Federal police chief Matthias Seeger said the danger was greater than it had been ahead of last year's general election or during the World Cup in 2006, in part because the indications had come from "several sources".
Days earlier, US authorities had separately warned Germany of planned attacks, Spiegel wrote.
The Federal Bureau of Investigation (FBI) reportedly mentioned a Shia Indian group called Saif (Sword), which had aligned itself with Al Qaeda, which is Sunni. Two of their men were due to travel from the United Arab Emirates to Germany in coming days.
One mastermind cited by the FBI was Dawood Ibrahim, Spiegel wrote, a man branded by the US as a "global terrorist" and described by the UN as a supporter of terrorism.
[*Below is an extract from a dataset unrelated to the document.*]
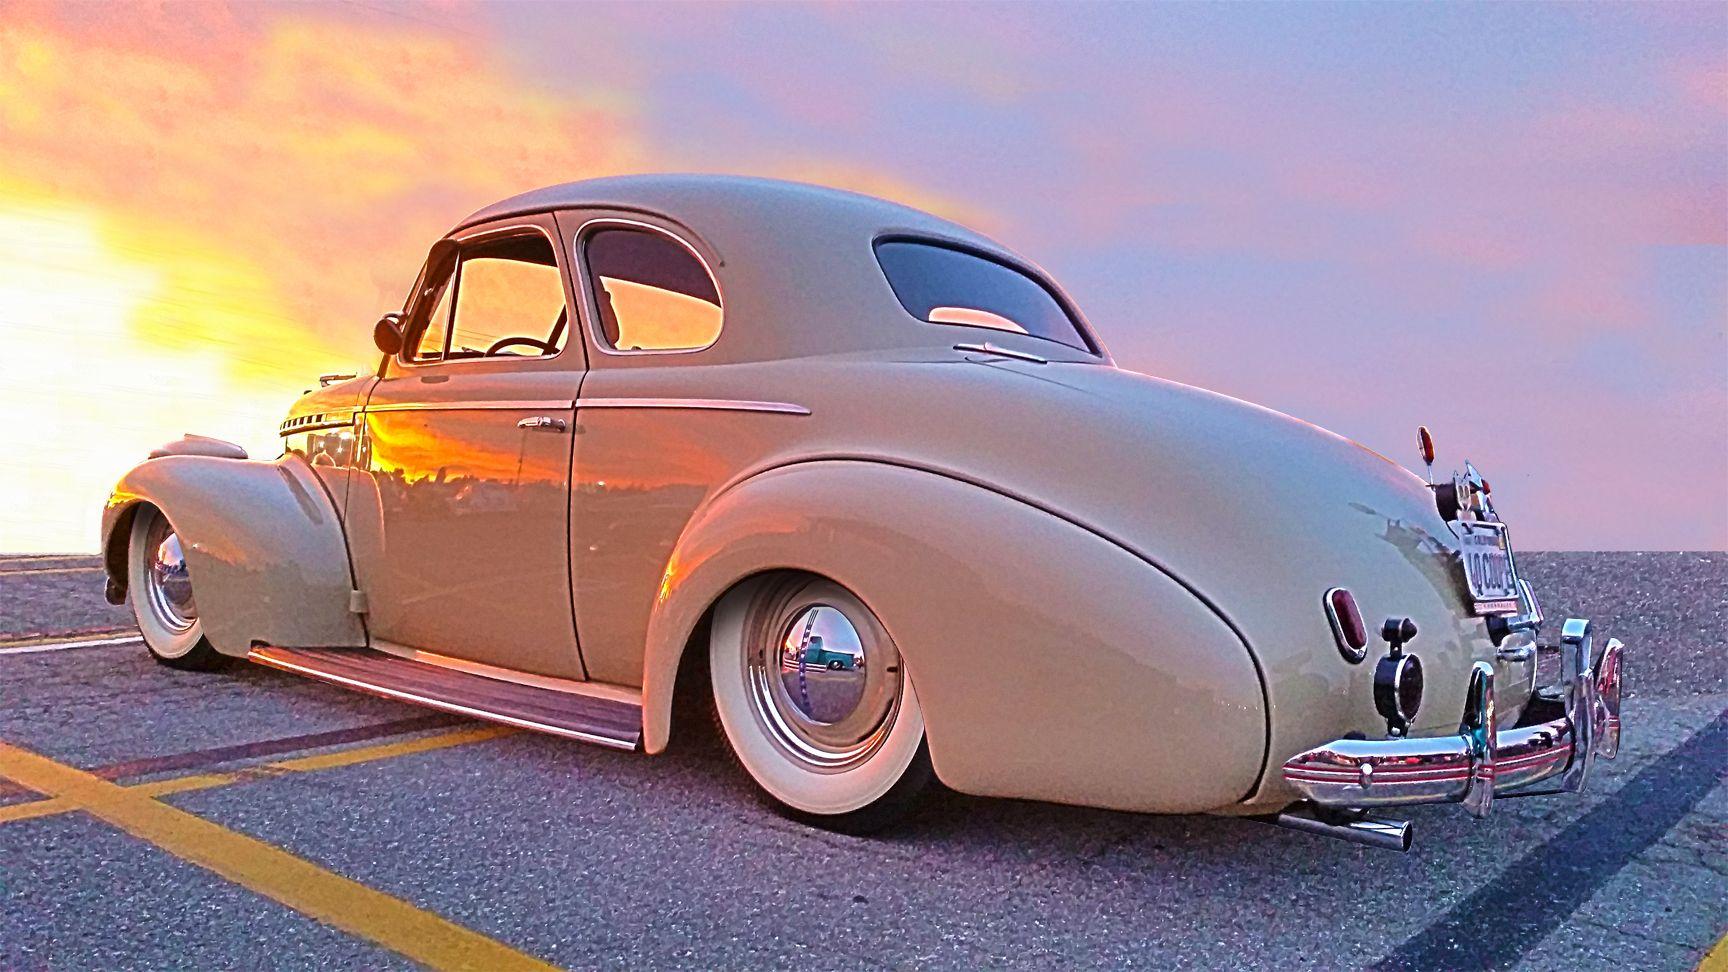 1940 Special Deluxe Chevrolet Coupe So Calif Chevrolet Custom Cars Veteran Car

He is thought to have been instrumental in the 2008 Mumbai attacks.
While police took the tip-offs seriously, German and US intelligence agents reportedly expressed doubts over the likelihood that a Shia group would join forces with Al Qaeda, and the fact that there was no prior evidence of attacks planned from India.
Criminal police (BKA) chief Joerg Ziercke would not comment on the Spiegel report but said it was evident that, "there could be a focus on symbolic objects across Germany".
Aiman Mazyek, the head of Germany's Central Council of Muslims, feared that the current atmosphere could lead to suspicion toward his fellow believers.
"Muslims are doubly scared - because they could become victims of such an attack, and since general suspicions are formed in this way," Mazyek said.
"The current terrorist hysteria is worsening the climate, reducing solidarity with Muslims and strengthening those people who plan to attack them," he added.
On Wednesday, security was increased at airports and train stations across Germany after de Maiziere said there were "concrete" indications that militants were planning attacks in Germany.
The same day, police in Namibia found a suitcase containing a detonator wired to batteries and a clock, amongst luggage bound for Germany - a device that turned out to be a dummy, used to highlight security loopholes.
The head of airport security at Windhoek airport admitted to having placed the suitcase on a luggage conveyor belt, Namibian police chief Sebastian Haitota Ndeitunga told the country's German-language daily Allgemeine Zeitung.
The suspect, a high-ranking officer who had worked in the police for five years, was spotted on video surveillance footage. He was arrested Friday, and initially denied the claims. He is to appear in court Monday.